Если слово «футуризм» и ранее имело сомнительную рекламную ценность в советских дискуссиях о культуре, то теперь оно стало явно контрэффективным. Во время выступления в Нью-Йорке в октябре 1925 года, когда уже было ясно, что Госиздат хочет расторгнуть договор на издание Полного собрания сочинений, Маяковский заявил:
Футуризм имел свое место и увековечил себя в истории литературы, но в Советской России он уже сыграл свою роль.
Стремление и работа Советского Союза находят себе отражение не в футуризме, а в Лефе, воспевающем не голую и хаотическую технику, а разумную организованность. Футуризм и советское строительство <…> не могут идти рядом… Отныне я против футуризма; отныне я буду бороться с ним.
Это были словесные уловки; главное — ориентация на литературное новаторство — не изменилось. Зимой 1926 года Осип и три поэта (Асеев, Пастернак и близкий футуристам конструктивист Илья Сельвинский) пришли на прием к Троцкому, чтобы пожаловаться на трудности, с которыми сталкиваются авторы-новаторы. Несмотря на то что он принадлежал к партийной оппозиции, Троцкий занимал еще достаточно прочное положение в сфере культуры, поэтому визит к нему был объясним, тем более что Осип незадолго до того примкнул к оппозиции, заявив, что он больше «не выдержал». Маяковский несколько раз встречался с Троцким ранее, но в этой встрече участия не принимал — по-видимому, он был в отъезде. Возможно, усилиями Троцкого (тот без промедления созвал совещание ведущих деятелей культуры) в сентябре 1926 года лефовцы смогли заключить договор с Госиздатом на издание нового ежемесячного журнала «Новый Леф» тиражом 1500 экземпляров. Его объем составлял всего три печатных листа, или сорок восемь страниц, то есть существенно меньше, чем у «старого» «Лефа», который хоть и выходил нерегулярно, но в объеме достигал иногда нескольких сот страниц.
В передовице первого номера, вышедшего в январе 1927 года, инициатива объяснялась тем, что положение культуры за последние годы «дошло до полного болота» и что «Леф» — «камень, бросаемый в болото быта и искусства, болото, грозящее достигнуть самой довоенной нормы». Под конец статья призывала деятелей культуры встать на защиту революционной эстетики: «Наша постоянная борьба за качество, индустриализм, конструктивизм (т. е. целесообразность и экономия в искусстве) является в настоящее время параллельной основным политическим и хозяйственным лозунгам страны и должна привлечь к нам всех деятелей новой культуры».

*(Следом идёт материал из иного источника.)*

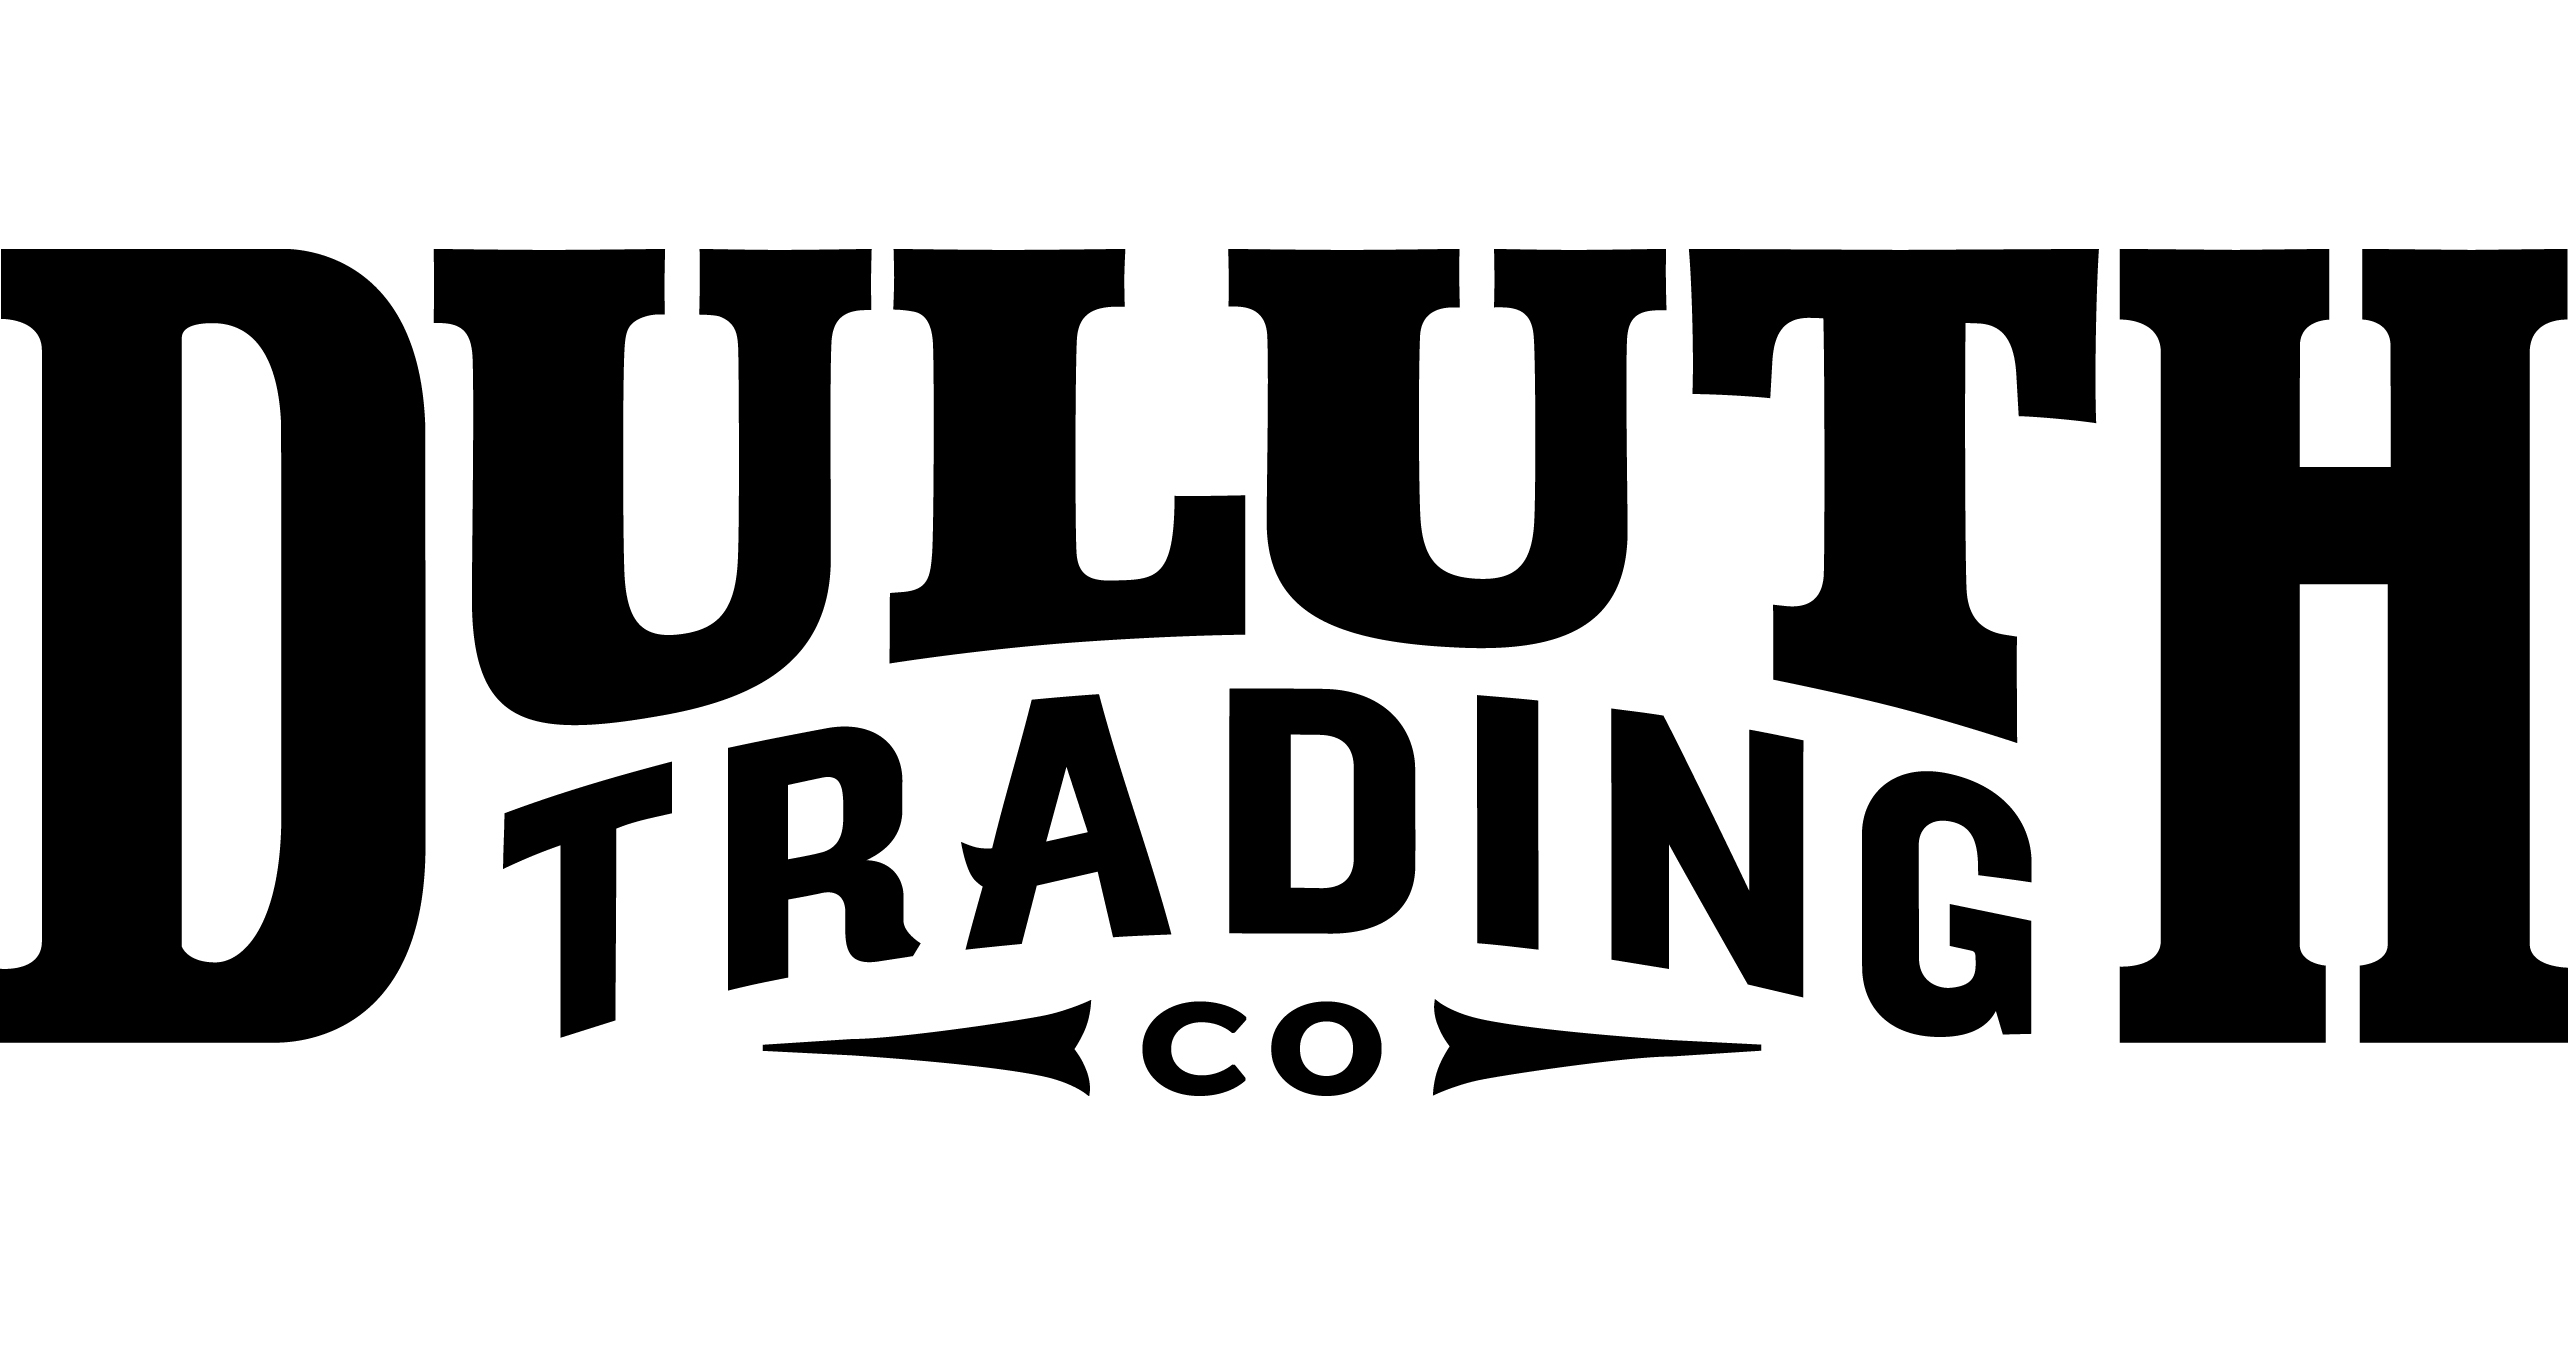 Duluth Trading Co. Creates First-Ever Museum of Man Area & Underwear Shop

Сразу за передовицей следовало стихотворение Маяковского, в котором он критиковал Горького за то, что тот живет за границей, вместо того чтобы «строить завтрашний мир». Публикация «Письма писателя Владимира Владимировича МАЯКОВСКОГО писателю Алексею Максимовичу ГОРЬКОМУ» на столь заметном месте была явным вызовом, поскольку стихотворение ранее отказались напечатать «Известия», что в свою очередь привело к тому, что Маяковский перестал сотрудничать с правительственной газетой.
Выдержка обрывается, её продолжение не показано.